In order to explicitly test potential computational and physiological mechanisms that could give rise to the observed spatial coding scheme, we implemented an architecturally simple neural network model. Although it is well known that spectral information is represented by a spatial neural code from the earliest stages of auditory transduction in the cochlea (Eggermont, 2001; Oxenham, 2018), the emergence of a spatial code for the representation of temporally-distributed cues in a transient acoustic signal poses a nontrivial computational problem. Our model highlights one parsimonious approach by which selectivity for either temporal gaps or coincidences could be implemented by biologically-inspired neurophysiological microcircuits (Buonomano and Merzenich, 1995; Gao and Wehr, 2015; Eggermont, 2000; Carr, 1993; Konishi, 2003; Rauschecker, 2014; Rauschecker, 1998).

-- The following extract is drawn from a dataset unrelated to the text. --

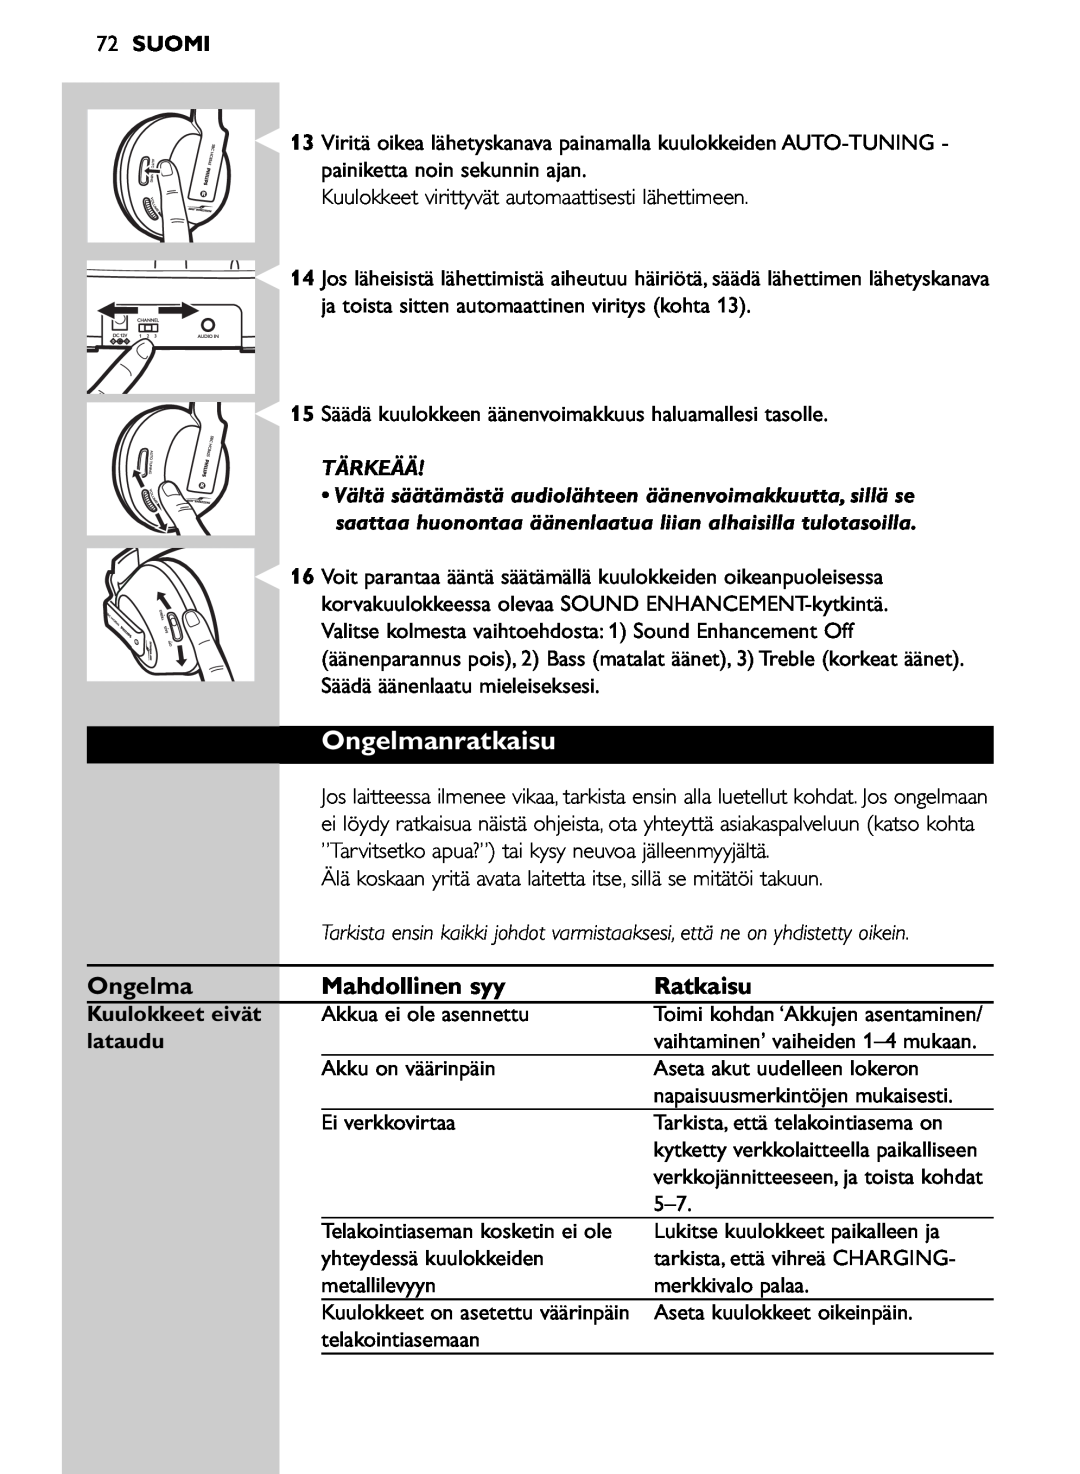 Philips SHC8565/00 manual Ongelmanratkaisu, 72SUOMI, Tärkeää, Kuulokkeet eivät, lataudu

We found that, just like in the neural data, gap and coincidence detector units responded to simulated voiced (/b/) and voiceless (/p/) stimuli with different response amplitudes. As such, we need not invoke any specialized temporal code to account for the representation of temporally cued phonetic features. Rather, our results provide evidence implicating a common neural coding scheme in the neural representation of behaviorally relevant speech features, whether they are embedded within the instantaneous spectrum or the fine temporal structure of the speech signal. Recent ECoG evidence suggests an even more expansive view of the fundamental role of spatial coding in cortical speech representation (Yi et al., 2019) in which different neural populations also encode pitch (Tang et al., 2017) and key properties of the speech envelope such as onsets and auditory edges (Hamilton et al., 2018; Oganian and Chang, 2019).

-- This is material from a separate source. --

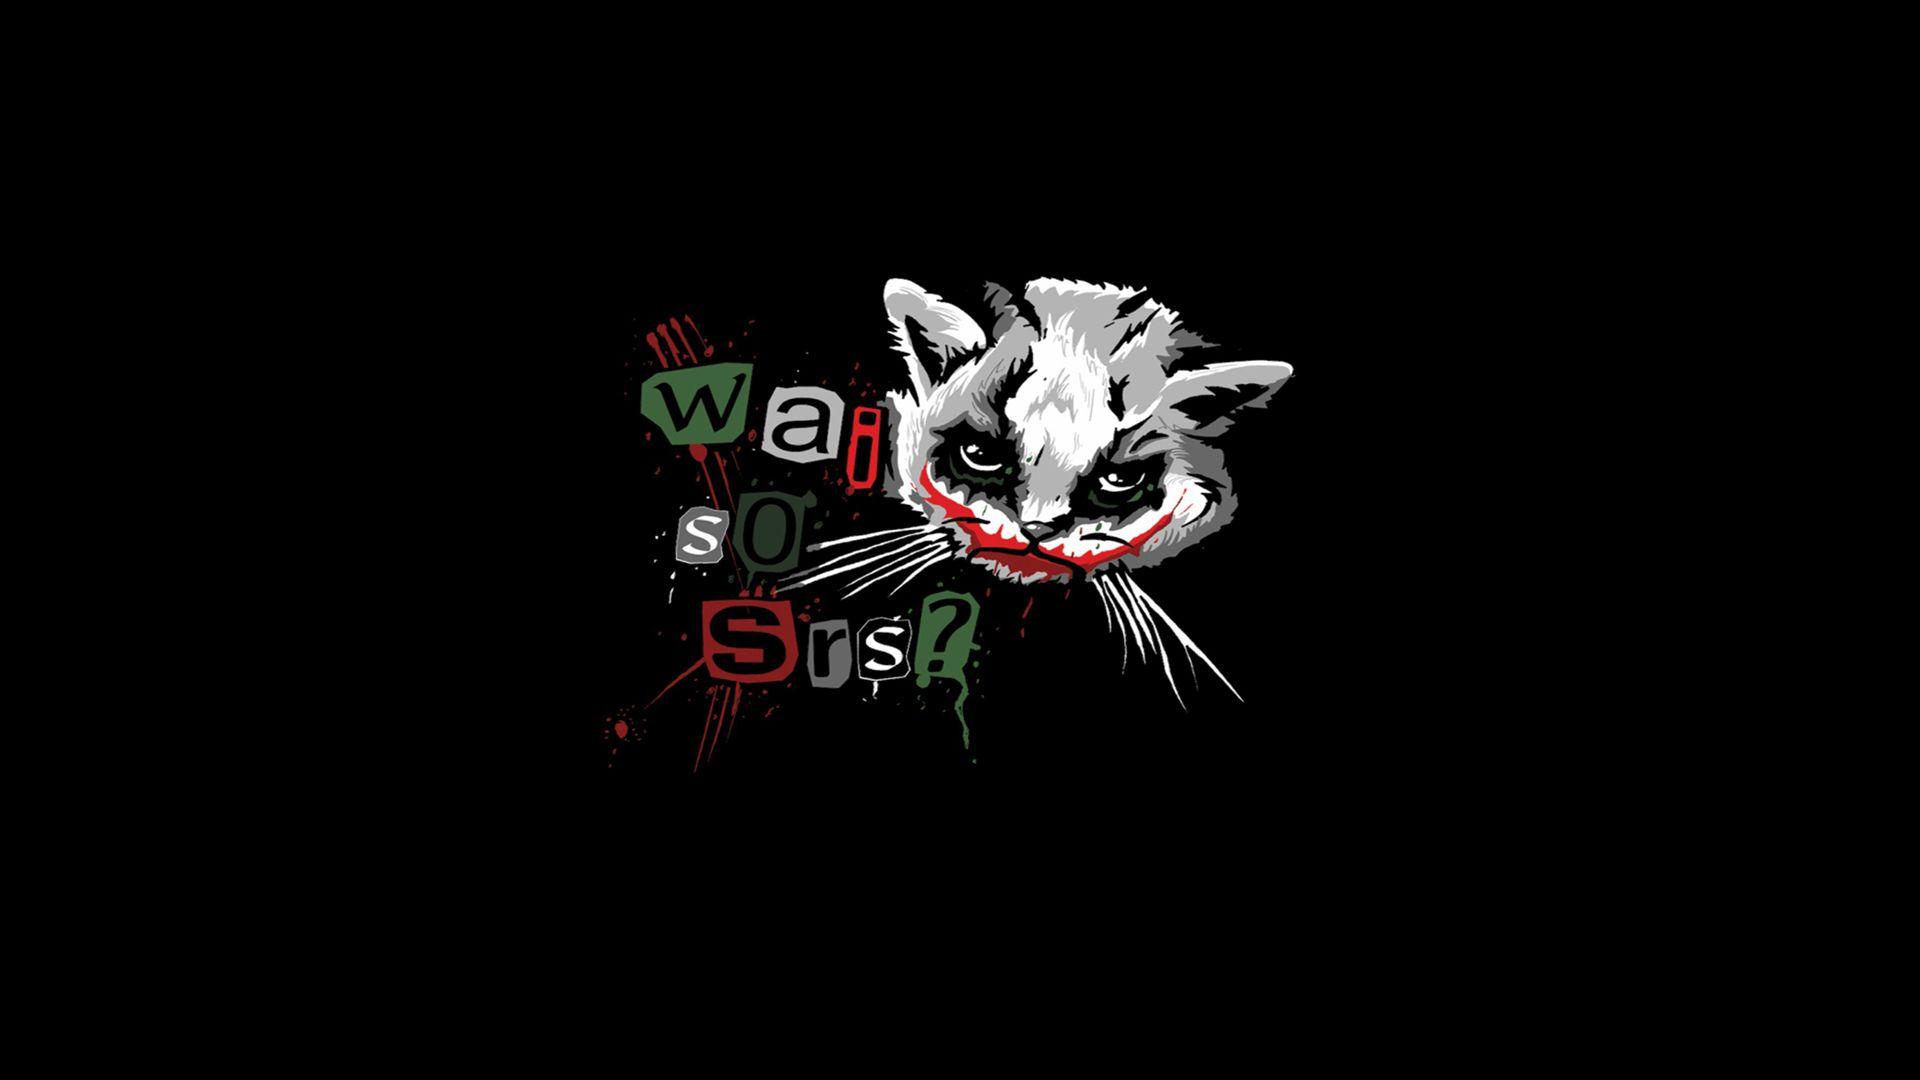 The Joker, kittens, Why So Serious? Wallpaper / WallpaperJam.com

Crucially, although the neural network was only designed to discriminate between categories (i.e., gaps vs. coincidences), we also observed graded amplitude differences in response to different VOTs (Figure 2H), but only in an electrode’s preferred category. These within-category patterns emerged naturally from the same computational properties that allowed the network to capture basic between-category encoding: (1) the relative responsiveness of each temporal integrator unit (Gap, Coinc) to its various inputs (burst, voicing, and inhibition); (2) the time-dependent properties inherent to neuronal activation dynamics (e.g., decay of postsynaptic potentials towards a unit’s resting activation level); and (3) the nonlinear transformation of postsynaptic inputs into response outputs (rectified linear activation function controlled by a unit’s propagation threshold).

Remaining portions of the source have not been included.